Quando mi guardo indietro e ripenso ai giorni della nascita
dell'Ulivo, in quel momento, avverto tutta la forza e il valore di
questo evento che noi abbiamo voluto chiamare Partito democratico. E
sento tutto il peso di quella vicenda. Perché la nascita oggi del
nuovo partito, ha comportato anche una grande fatica.
Le grandi innovazioni sono spesso circondate da scetticismo perché,
in effetti, non sono mai prive di un pizzico di follia e chi si
avvia tra i primi sul cammino dell'innovazione è naturalmente
destinato a sentirsi solo. Ma ha, dalla sua, la forza straordinaria
che gli deriva del sapere che l'innovazione è un'esigenza imposta
dai tempi ed è l'unica risposta possibile a sfide nuove.

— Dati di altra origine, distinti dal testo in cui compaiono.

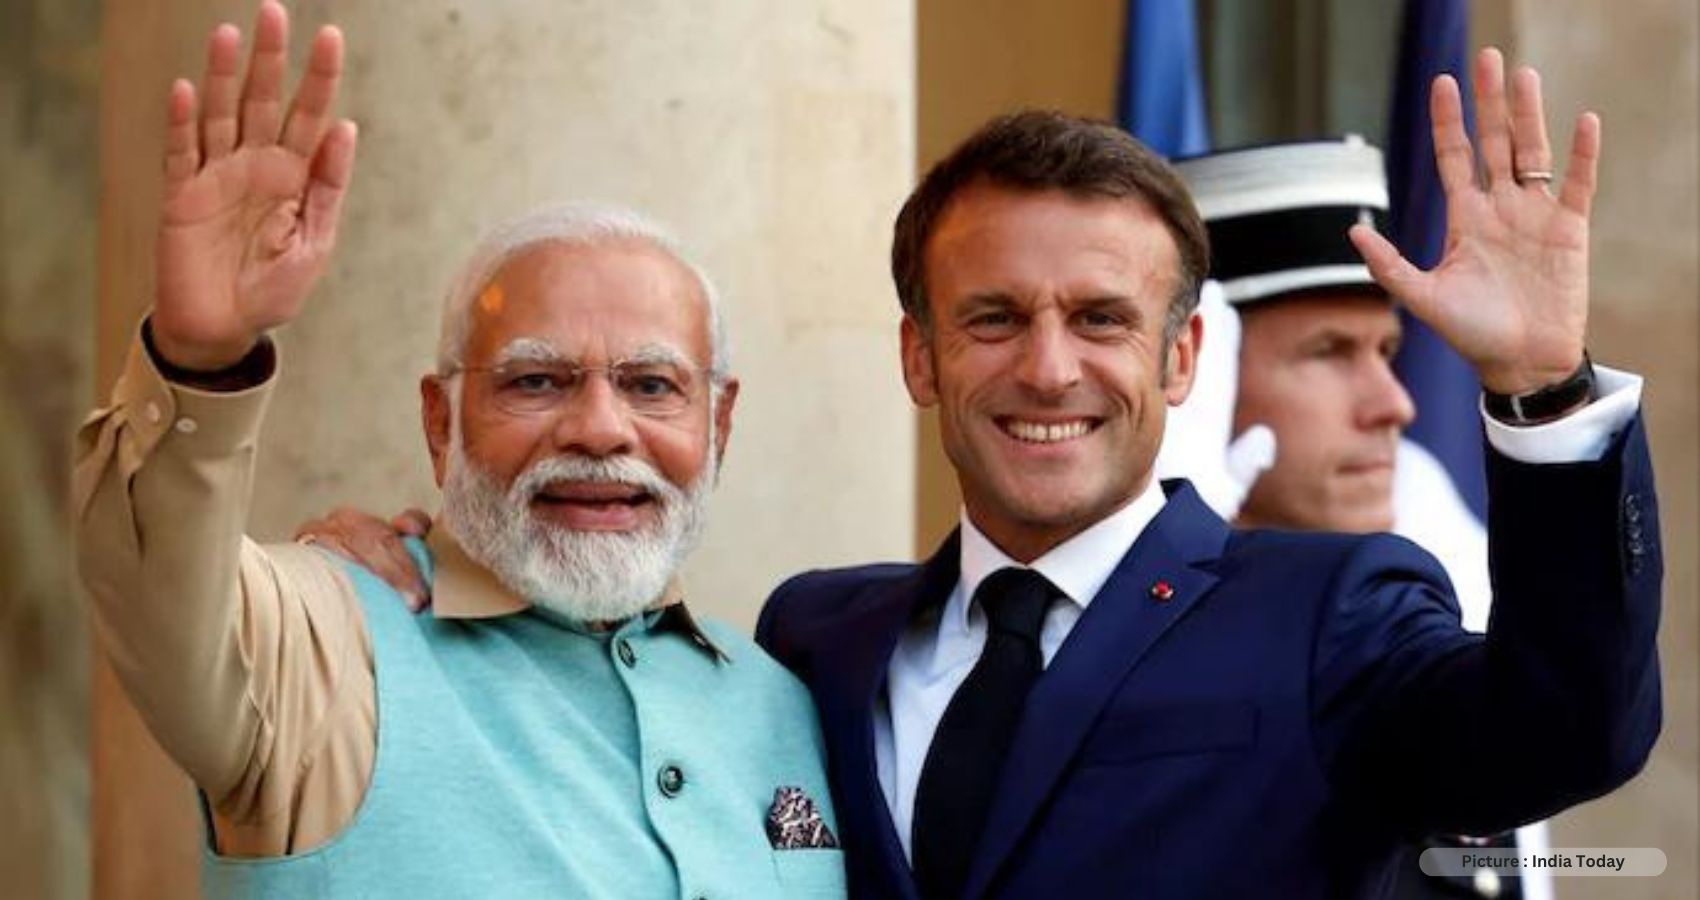 “France An Important Partner In Make In India”
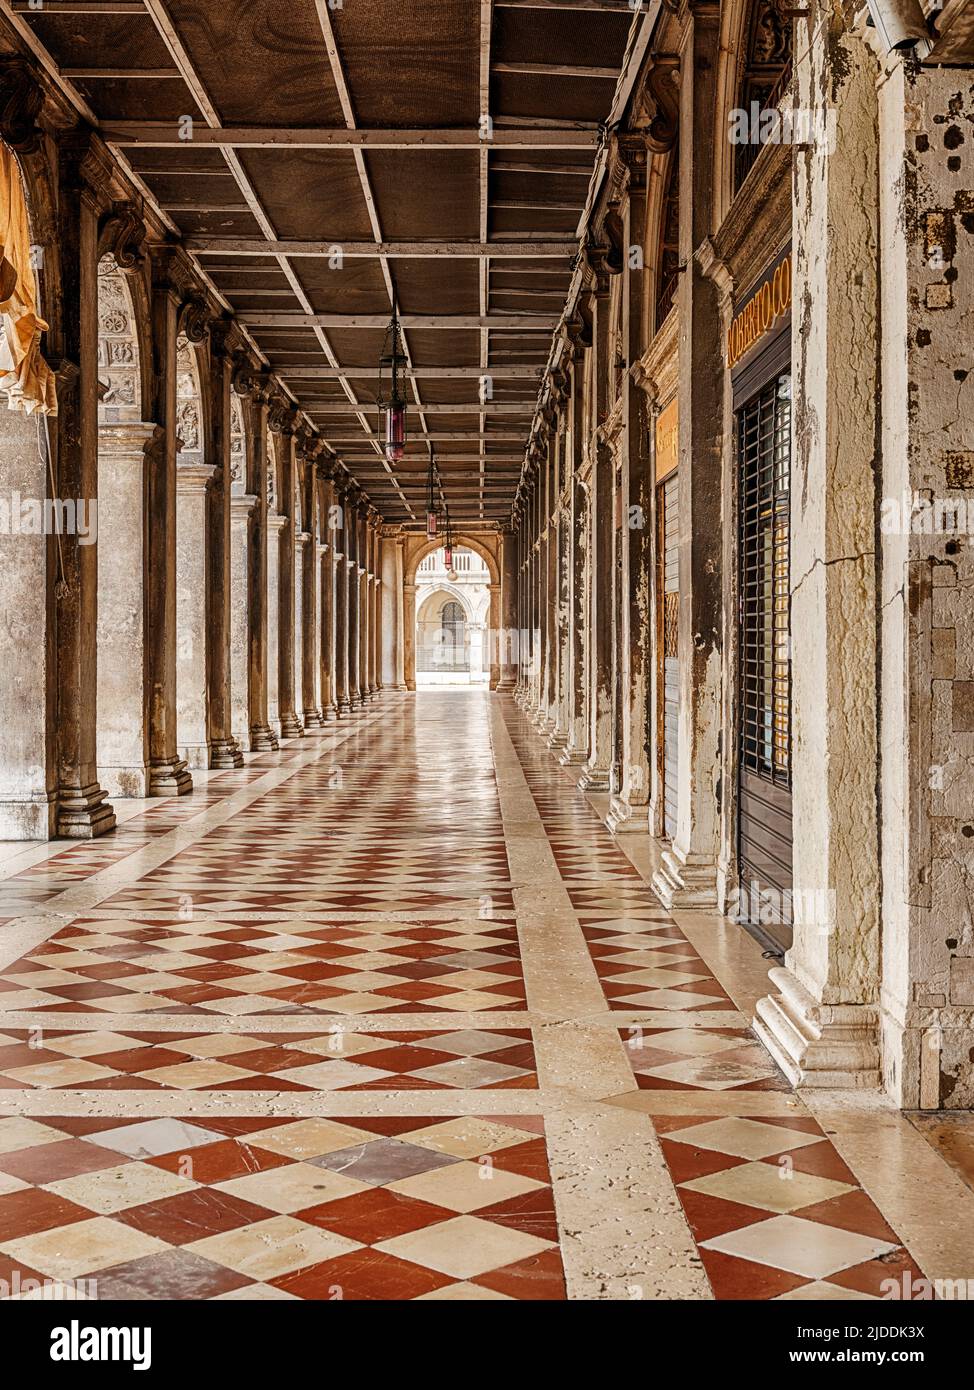 A long passage next to the Doge's Palace in Venice is covered in marble tiles between stone columns. Stock Photo

In un periodo concitato e difficile per il centro sinistra italiano,
come i primi anni Novanta ('94-'95), furono però in tanti a capire
ben presto che l'Ulivo - pianta mediterranea, molto radicata, con
radici complesse e tronco contorto - era la risposta alla nuova
sfida che la profonda crisi politica italiana poneva al sistema.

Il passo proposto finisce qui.